To link these two node we update the address of 2nd node in the first node
So next time if we have to create a node between these nodes then we have to create a new node and then update the address of first node and new node
No shifting for this operation .Thats y it is not a costly operation.
No memory wastage .
Can free node as we want.
To access a particular node we have to start with the first node also called as head node and then traverse through the nodes.
3.Doubly linked list:
In Doubly linked list the node contains three parts:
Link to next node
Link to previous node
For example : there are 3 node containing data ,it can be represented as below:
Advantage of doubly linked list:
With just pointer we can point to current node,next node and previous node as well.
So it’s easy to traverse as compared to singly linked list where we always have to traverse from head node to access a particular node.
It’s easy to do modification ,insertion and deletion operation on nodes.
Disadvantage of doubly linked list:
For a node extra memory location to store address of previous node.
It is a list with the restriction that insertion and deletion can only be performed only from one end called top.It is also called as last in first out structure.
There are basically 4 operation we can do in case of stack:
Insertion termed as push.
Removing of most recent item from the stack called pop.
Top is the term for operation to top element in the stack.
IsEmpty is to check whether stack is empty or not.
Representation of stack:
Real time scenario where we can use stack:
A good use for a stack would be the undo/redo feature. Every time the user enters something, save the state (in this case, the text) on a stack and if you need to reverse something, just pop it off the top of the undo stack and push it onto the redo stack.
It can also be used for recursion /function calls.
A queue is a data ss data structure where whatever goes in first come out first.That’s why it is called FIFO structure.
Here insertion happens from one end called as rear end and removal is performed from other end called front end.
Operation available in the queue:
Enqueue : insertion of the element from the queue.
Dequeue: deletion of the element from the queue.
Front/Peek: this operation is used to look at the top element in the queue.
IsEmpty: to check whether the queue is empty or not.
Real scenario where queue can be used:
Suppose there is a resource which serve the request and it can serve only one request at a time,then we can use queue in this case.The request that comes first get served first.

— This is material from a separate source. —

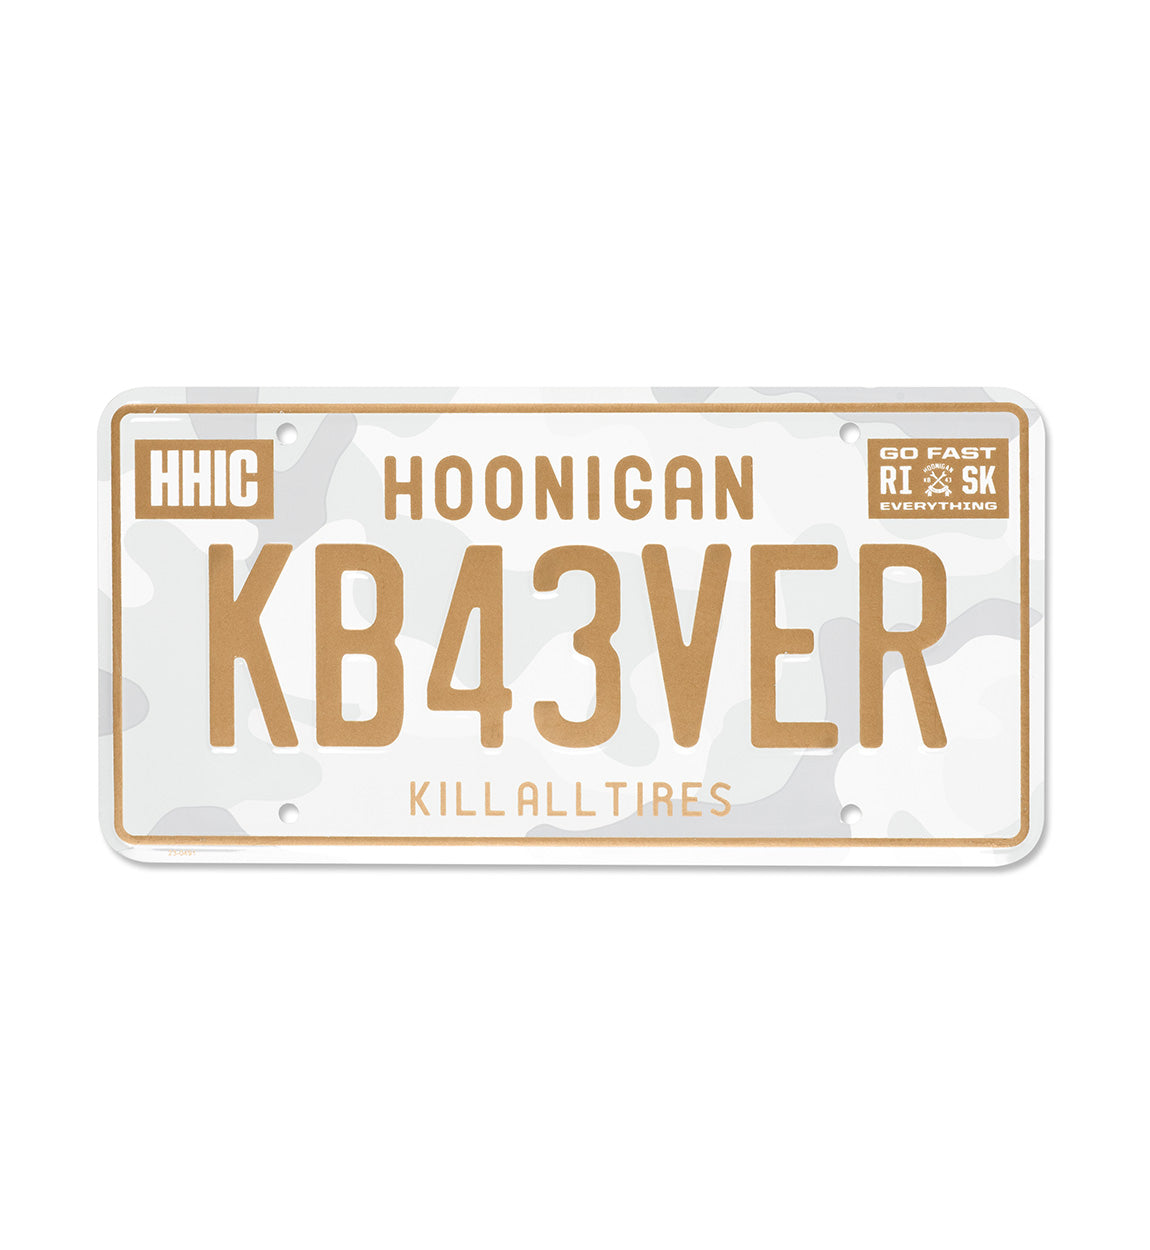 Hoonigan KB43VER Snow Camo Metal License Plate

Tree is the data structure where data is stored in the hierarchical structure rather than linear or sequential way where root at top and branching out in downward direction.
It can be defined as collection of entities called nodes linked together to simulate a hierarchy.Here topmost node of the tree is called root of the tree .
Each node can contain data of any type or reference of other nodes called its children and are linked to each other
Representation of tree:
Here for example:
1 is the parent of 2 and 3 nodes.
Node 2 and 3 are the children of node 1.
Node 2 and 3 are sibling as they are pointing to same parent.
Node 4,5 ,6,7 and 8 are the leaves as they are last elements in the tree.
Node 1 and 2 are the ancestors of node 4 as it is following the same hierarchy.
Node 4 is the descendant of node 1 and 2.
The most common way of implementing tree is by creating nodes dynamically and then linking these nodes using pointers just like in the linked list.
Real time scenario of using Tree data structure:
We want to represent employees in an organization as well as its position.